Present: Sjur, Thomas, Tomi, Trond, Børre
Main secretary: Børre
2. Reviewing the task list from the last meeting
- Børre:
- Contact Univ. of Oslo on the contract issue.
- Finish the divvun e-mail alias
- Leif Åge said he would fix it, haven’t got any feedback
- Contact people about Lule Sámí texts
- Contact skolelinux and Knut Hofland about webcrawler.
- Here is Knut’s thoughts on the issue in 1999:
[http://gandalf.aksis.uib.no/knut/mons/kh-avis.htm]

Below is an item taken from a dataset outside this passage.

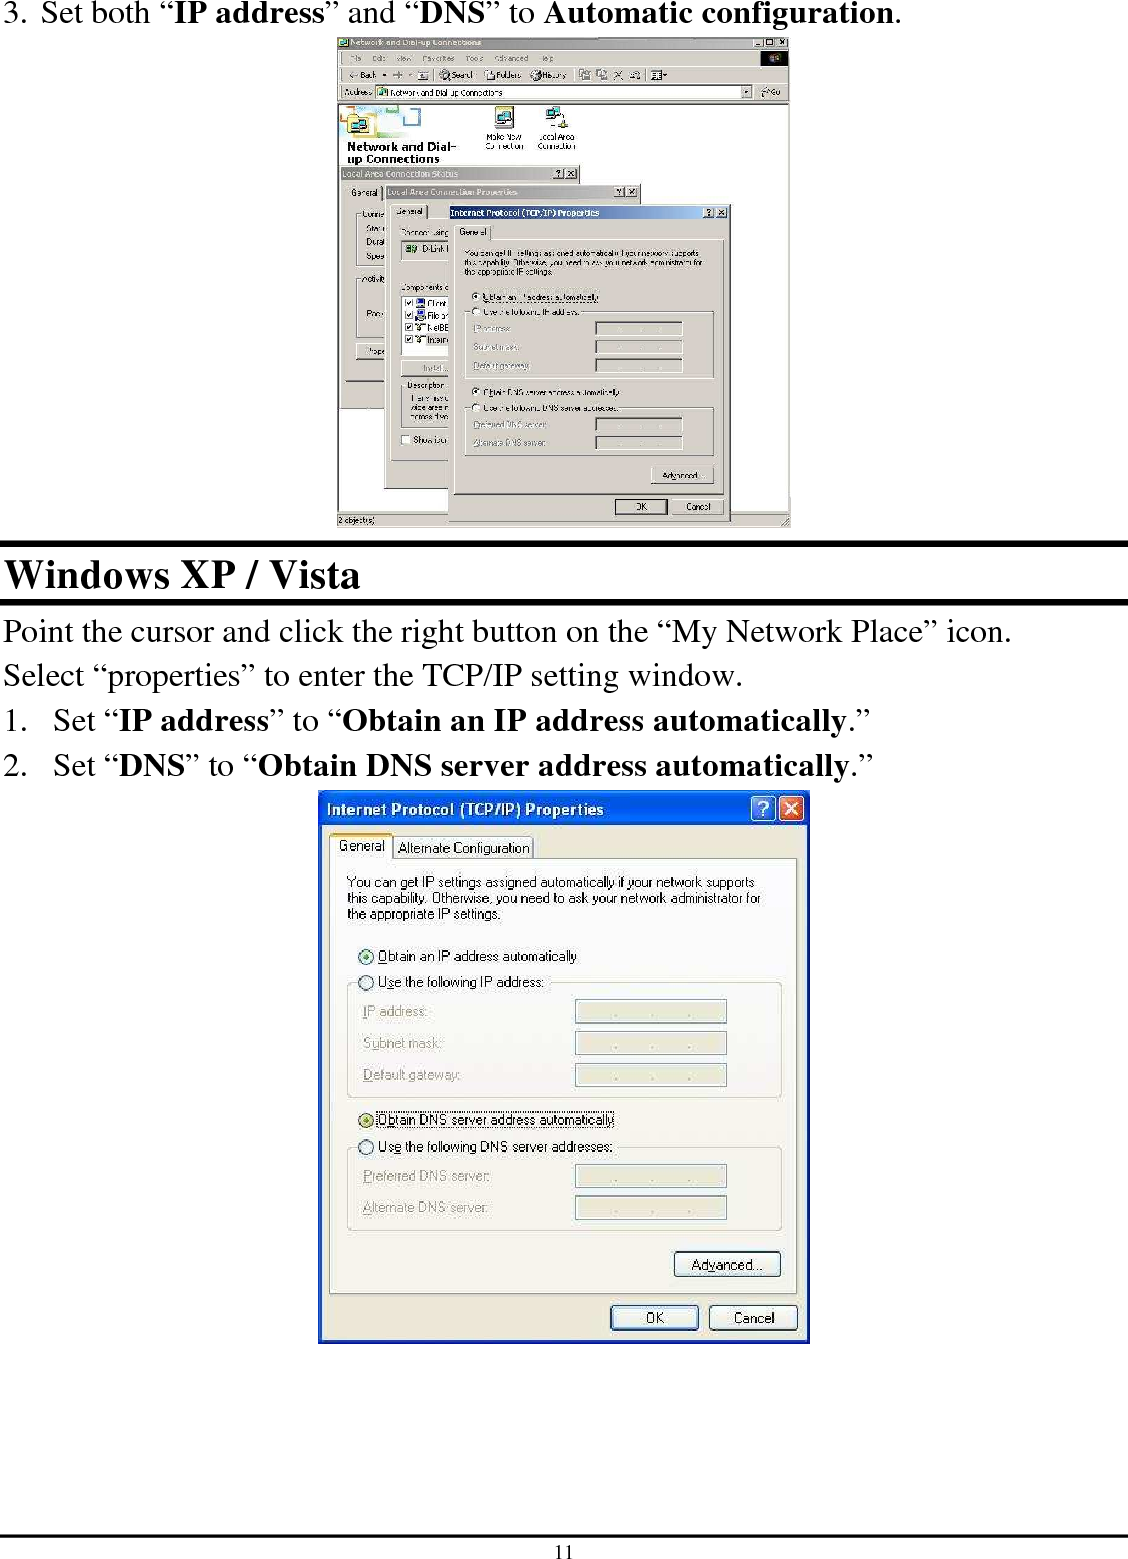 11 3. Set both “IP address” and “DNS” to Automatic configuration.  Windows XP / Vista Point the cursor and click the right button on the “My Network Place” icon. Select “properties” to enter the TCP/IP setting window. 1. Set “IP address” to “Obtain an IP address automatically.” 2. Set “DNS” to “Obtain DNS server address automatically.”

- Finish the setup of divvun.no
- Haven’t had contact with Thor Øivind Johansen, Børre will try to contact him in
person today
- Look at how forrest handles i18n, try to get work done on that.
- Set up programme and other details about the gathering in Guovdageaidnu
25th-27th of May
- Contact Roy Dragseth about cvs-commit mailing
- Sent an e-mail, phoned him a few days later. He is away untill the 26th of May.
- Finish the setup of [http://giellatekno.uit.no/]
- Tomi:
- Template for manual xsl conversion script
- Script for processing the corpus for preprocessor
- Install “Tiger” (10.4), document all issues, together with steps to resolve
them
- Look at the twolc part of how to handle shortening of the middle part in
three part compounds. Discuss the data / linguistic side with the linguists.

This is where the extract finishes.